I am positive sure nobody is messing with the BatchingDirectory so it should be there and contain all the data. Could the error below be related to the fact that I have
CleanupBatchingDirectory = true
and this is delete before the chages are applied?
11/06/2012 14:16:49 Error ** :PosPosSync:ThreadId=7: **:
SyncScope ErpProduct failed
Message: An unexpected error occurred when applying batch file C:\Documents and Settings\kasse6\Application Data\POSSyncDataClient\PosSync_5b009e9008c14d0ba6a9e47726d8d620\4e77ef8c-3045-4c55-809f-014ae2b96155.batch. See the inner exception for more details.

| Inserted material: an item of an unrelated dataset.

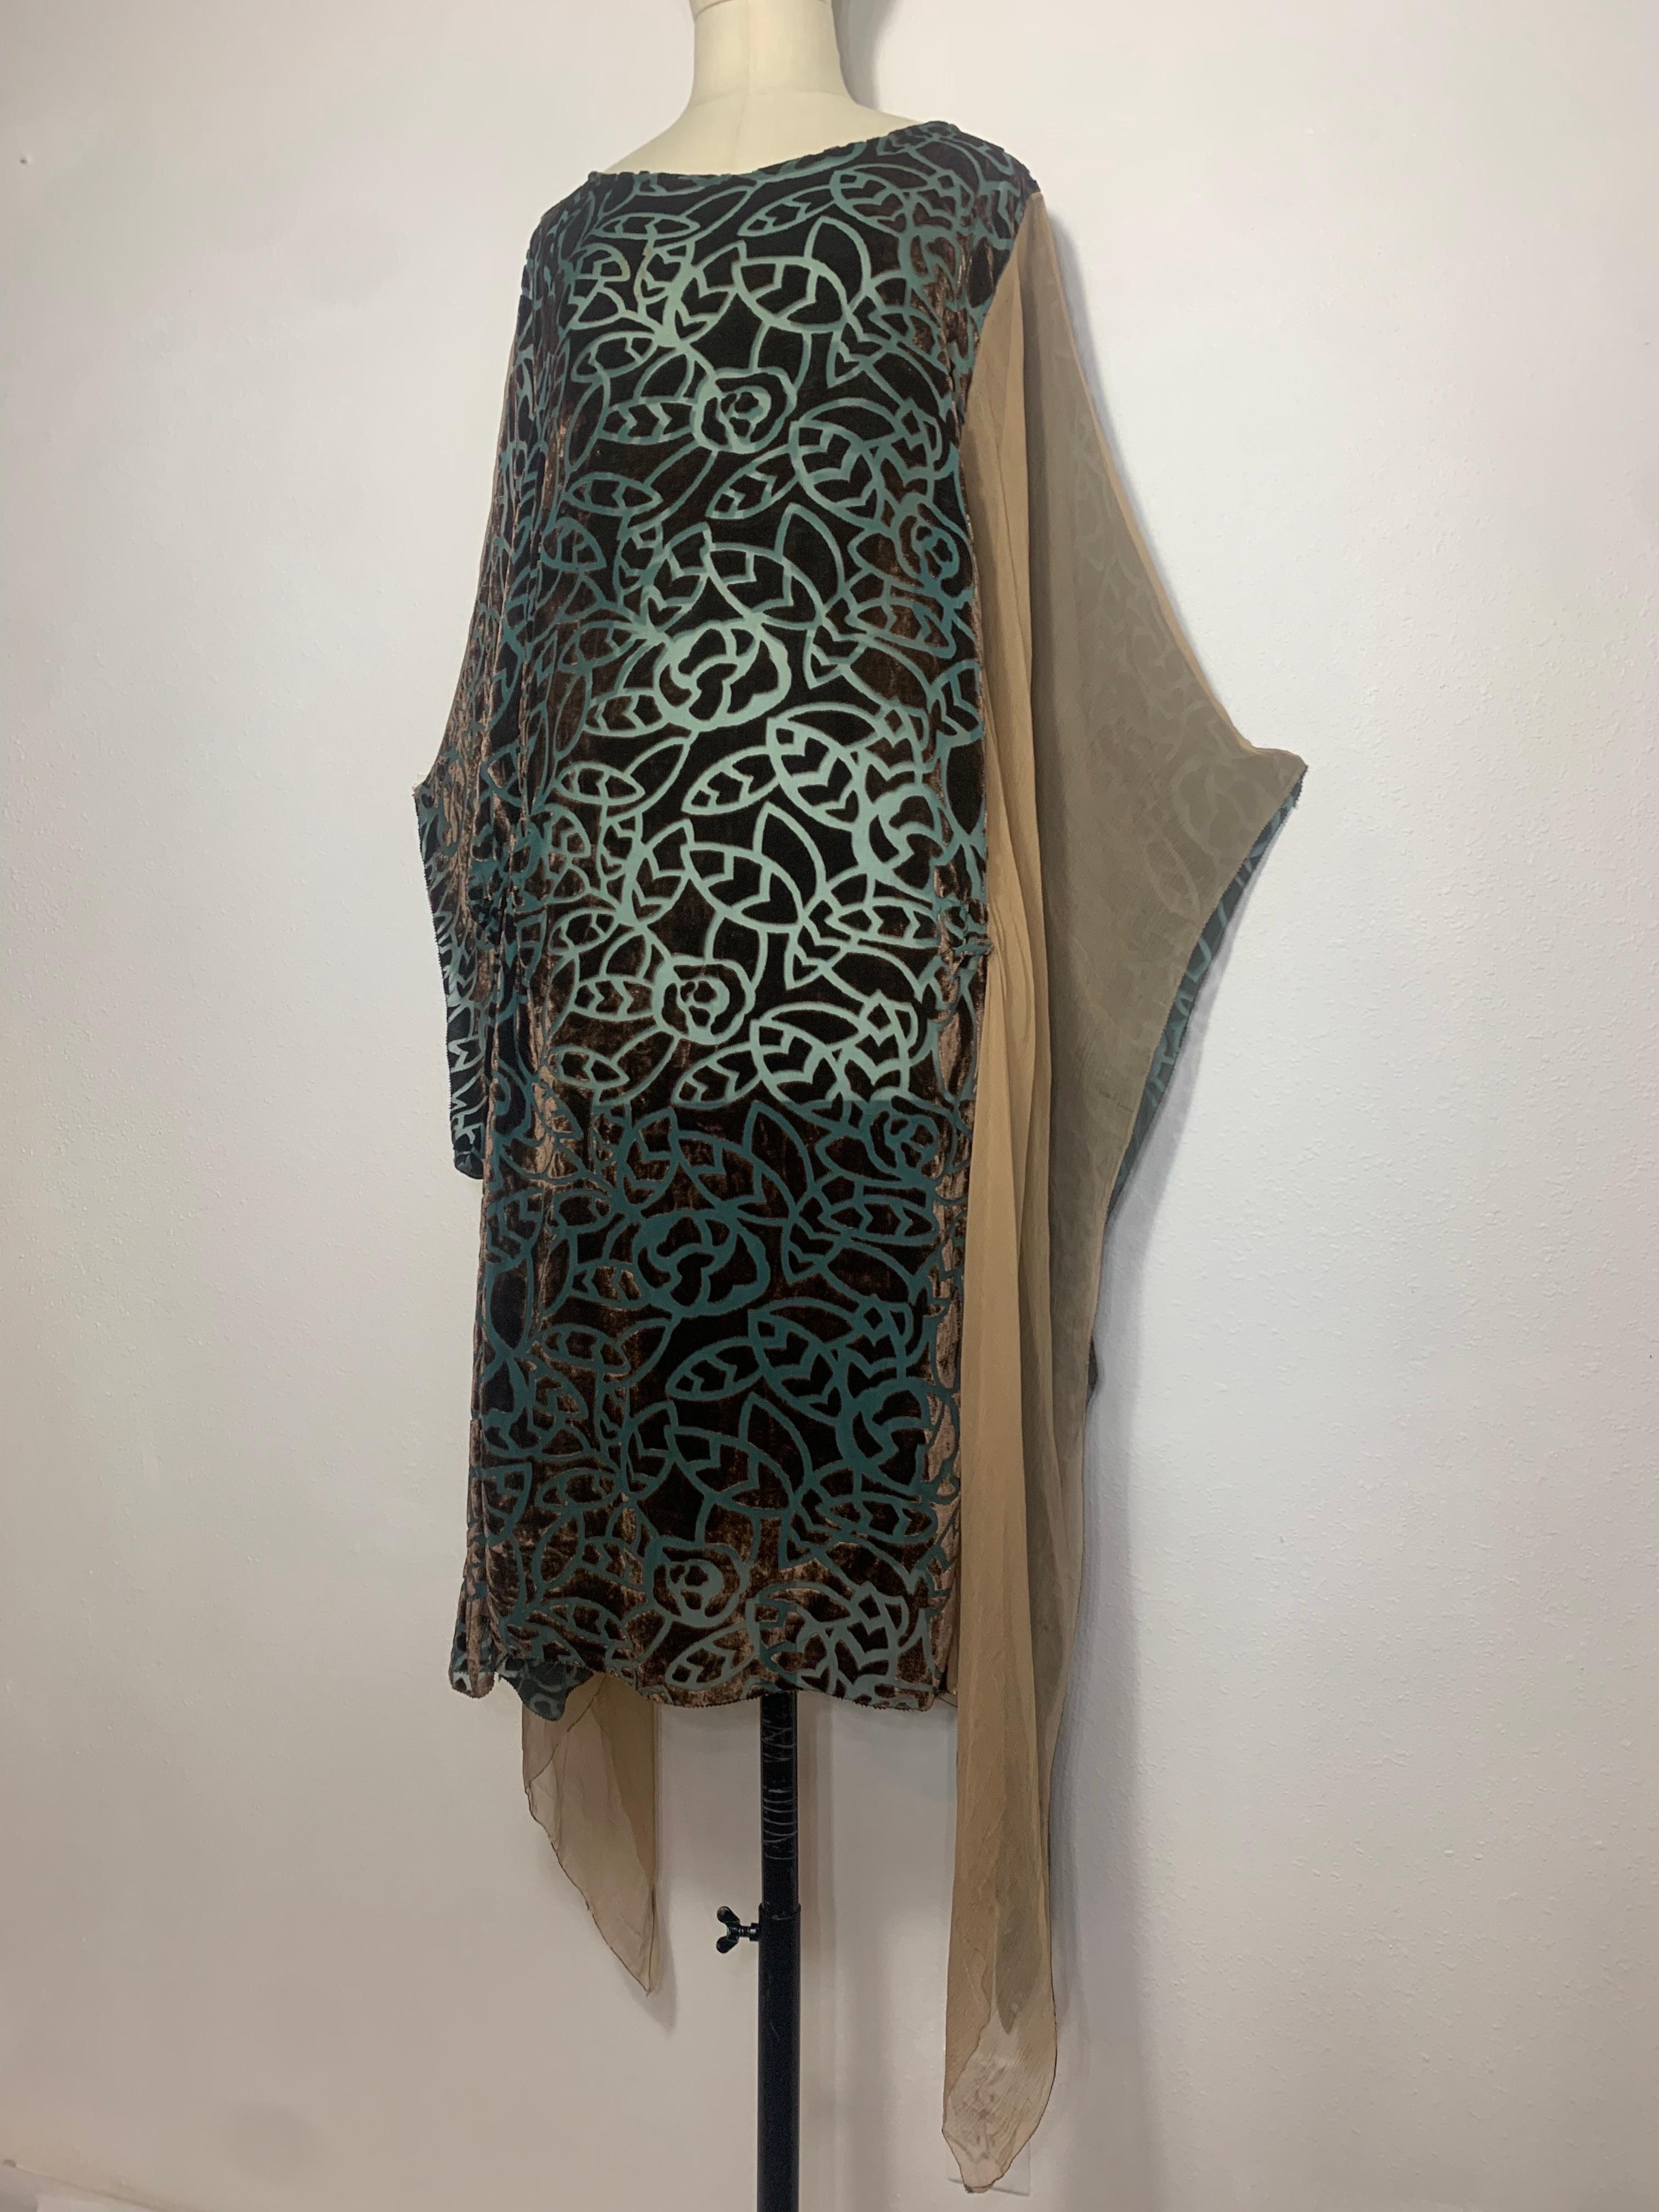 1920s Art Deco Patina Green & Taupe Devore Velvet Tunic Dress w Stylized Leaf Pattern:  Unusual construction is closed on one side and open, tabard-style on other.  Kimono sleeves. Diaphanous and fluid in movement in a rare color palette.  Fits a

Type : Microsoft.Synchronization.Data.DbSyncException
Stack : at Microsoft.Synchronization.Data.DbSyncBatchConsumer.ApplyBatches(DbSyncScopeMetadata scopeMetadata, DbSyncSession syncSession, SyncSessionStatistics sessionStatistics)

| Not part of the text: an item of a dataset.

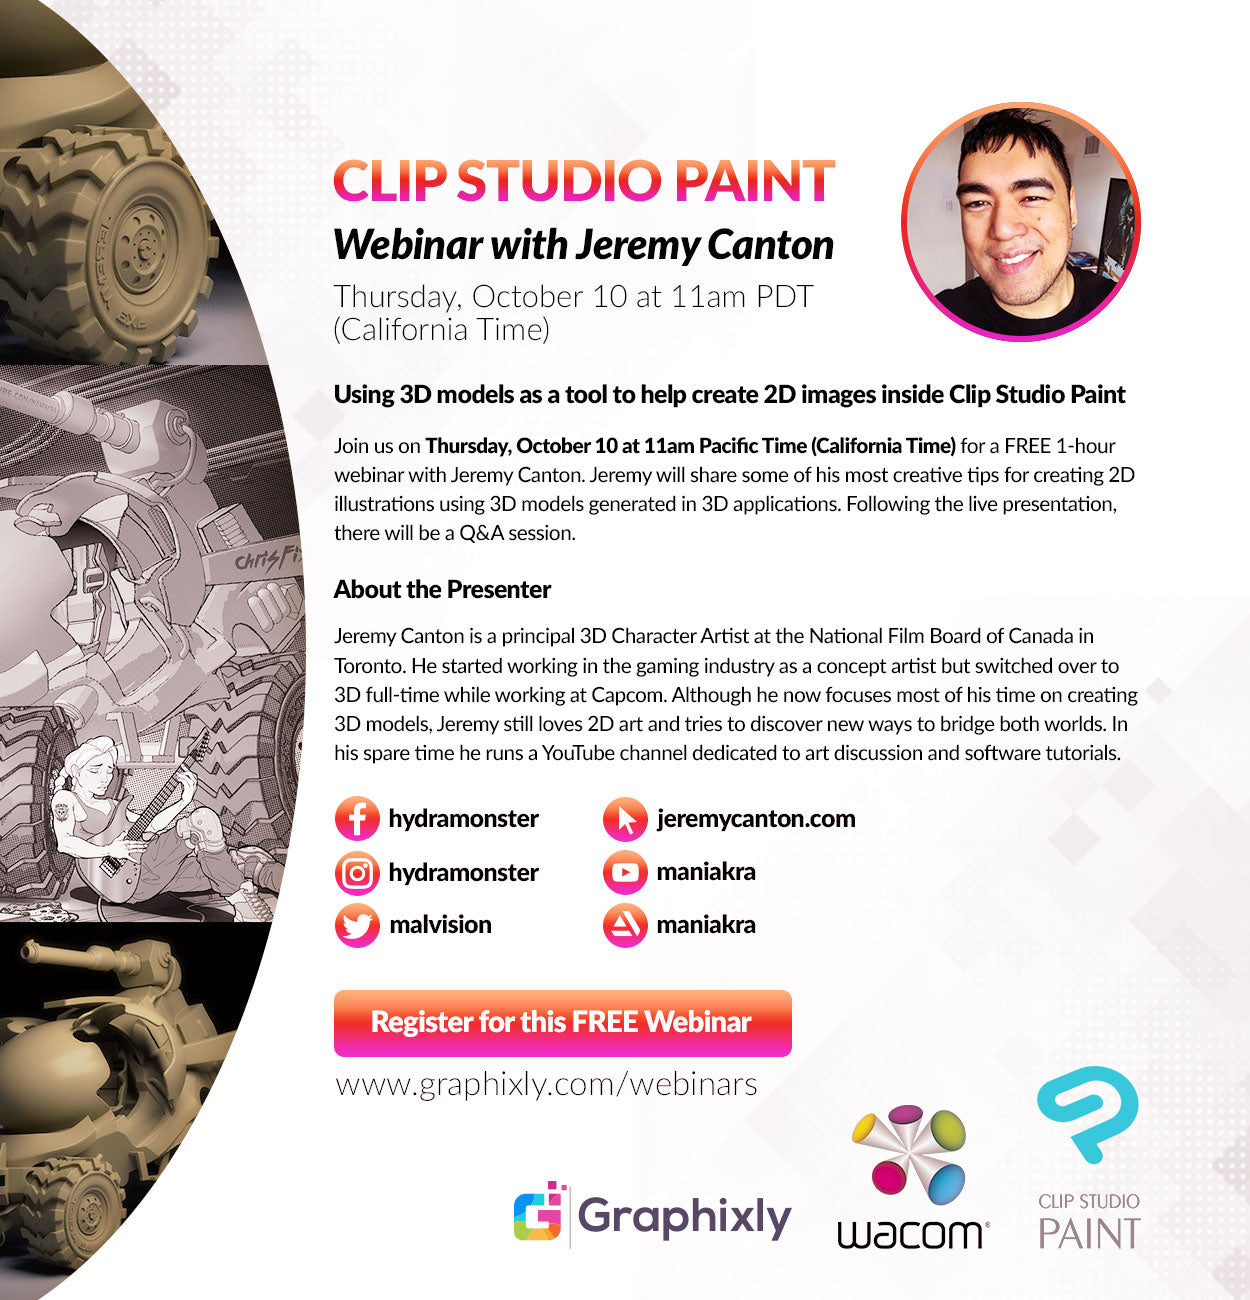 Webinar - Using 3D models as a tool to help create 2D images inside CLIP STUDIO PAINT

at Microsoft.Synchronization.Data.RelationalSyncProvider.ProcessChangeBatch(ConflictResolutionPolicy resolutionPolicy, ChangeBatch sourceChanges, Object changeDataRetriever, SyncCallbacks syncCallbacks, SyncSessionStatistics sessionStatistics)
at Microsoft.Synchronization.KnowledgeProviderProxy.ProcessChangeBatch(CONFLICT_RESOLUTION_POLICY resolutionPolicy, ISyncChangeBatch pSourceChangeManager, Object pUnkDataRetriever, ISyncCallback pCallback, _SYNC_SESSION_STATISTICS& pSyncSessionStatistics)
at Microsoft.Synchronization.CoreInterop.ISyncSession.Start(CONFLICT_RESOLUTION_POLICY resolutionPolicy, _SYNC_SESSION_STATISTICS& pSyncSessionStatistics)
at Microsoft.Synchronization.KnowledgeSyncOrchestrator.DoOneWaySyncHelper(SyncIdFormatGroup sourceIdFormats, SyncIdFormatGroup destinationIdFormats, KnowledgeSyncProviderConfiguration destinationConfiguration, SyncCallbacks DestinationCallbacks, ISyncProvider sourceProxy, ISyncProvider destinationProxy, ChangeDataAdapter callbackChangeDataAdapter, SyncDataConverter conflictDataConverter, Int32& changesApplied, Int32& changesFailed)
at Microsoft.Synchronization.KnowledgeSyncOrchestrator.DoOneWayKnowledgeSync(SyncDataConverter sourceConverter, SyncDataConverter destinationConverter, SyncProvider sourceProvider, SyncProvider destinationProvider, Int32& changesApplied, Int32& changesFailed)
at Microsoft.Synchronization.KnowledgeSyncOrchestrator.Synchronize()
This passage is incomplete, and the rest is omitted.